The new research tested 159 samples using a standard technique to eliminate contamination from other sources and was performed at the University of Minnesota School of Public Health. The samples came from across the world, including from Uganda, Ecuador and Indonesia.
How microplastics end up in drinking water is for now a mystery, but the atmosphere is one obvious source, with fibers shed by the everyday wear and tear of clothes and carpets. Tumble dryers are another potential source, with almost 80 percent of US households having dryers that usually vent to the open air.

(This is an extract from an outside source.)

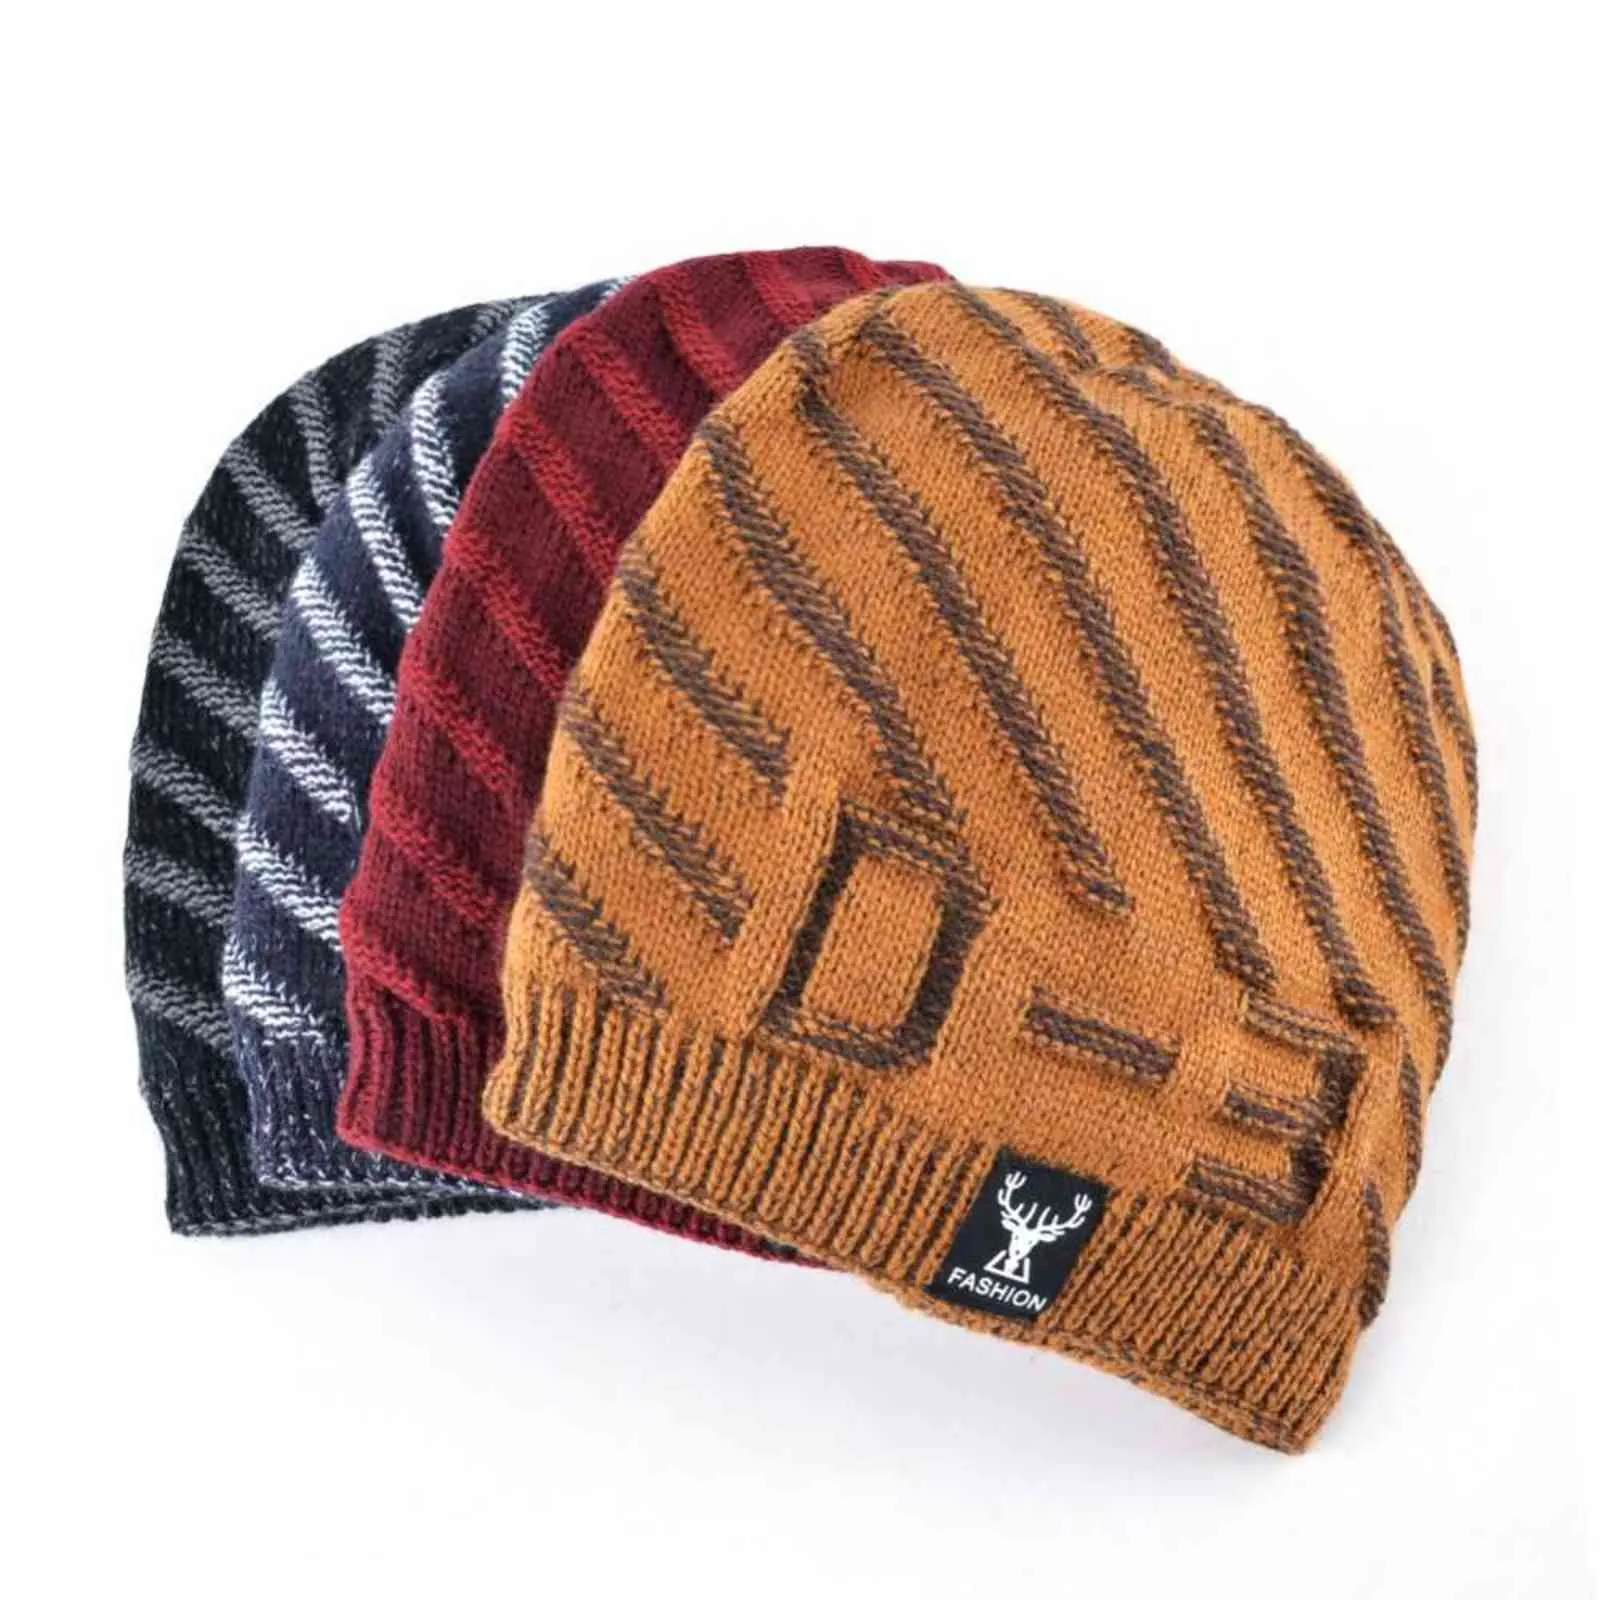 TQMSMY 2018 Beanies Knit Männer Winter Hut Caps Skullies Bonnet hinzufügen samt Hüte Für Männer Frauen Beanie Warme Baggy Gestrickte hut TMD29 Y21111

“We really think that the lakes [and other water bodies] can be contaminated by cumulative atmospheric inputs,” said Johnny Gasperi, at the University Paris-Est Creteil, who did the Paris studies. “What we observed in Paris tends to demonstrate that a huge amount of fibers are present in atmospheric fallout.”
Plastic fibers may also be flushed into water systems, with a recent study finding that each cycle of a washing machine could release 700,000 fibers into the environment. Rains could also sweep up microplastic pollution, which could explain why the household wells used in Indonesia were found to be contaminated.
In Beirut, Lebanon, the water supply comes from natural springs, but 94 percent of the samples were contaminated.
“This research only scratches the surface, but it seems to be a very itchy one,” said Hussam Hawwa, at the environmental consultancy Difaf, which collected samples for Orb.
Current standard water treatment systems do not filter out all of the microplastics, Mahon said.
“There is nowhere really where you can say these are being trapped 100 percent,” she said. “In terms of fibers, the diameter is 10 microns across, and it would be very unusual to find that level of filtration in our drinking water systems.”
Bottled water may not provide a microplastic-free alternative to tapwater, as the they were also found in a few samples of commercial bottled water tested in the US for Orb.
Almost 300 million tonnes of plastic are produced each year and, with just 20 percent recycled or incinerated, much of it ends up littering the air, land and sea.
A report in July found 8.3 billion tonnes of plastic has been produced since the 1950s, with the researchers warning that plastic waste has become ubiquitous in the environment.
“We are increasingly smothering ecosystems in plastic and I am very worried that there may be all kinds of unintended, adverse consequences that we will only find out about once it is too late,” said Roland Geyer, a professor at the University of California at Santa Barbara who led the study.
Mahon said the new tap water analyses raise a red flag but that more work is needed to replicate the results, find the sources of contamination and evaluate the possible health impacts.
She said plastics are very useful, but that management of the waste must be drastically improved.
“We need plastics in our lives, but it is us that is doing the damage by discarding them in very careless ways,” she said.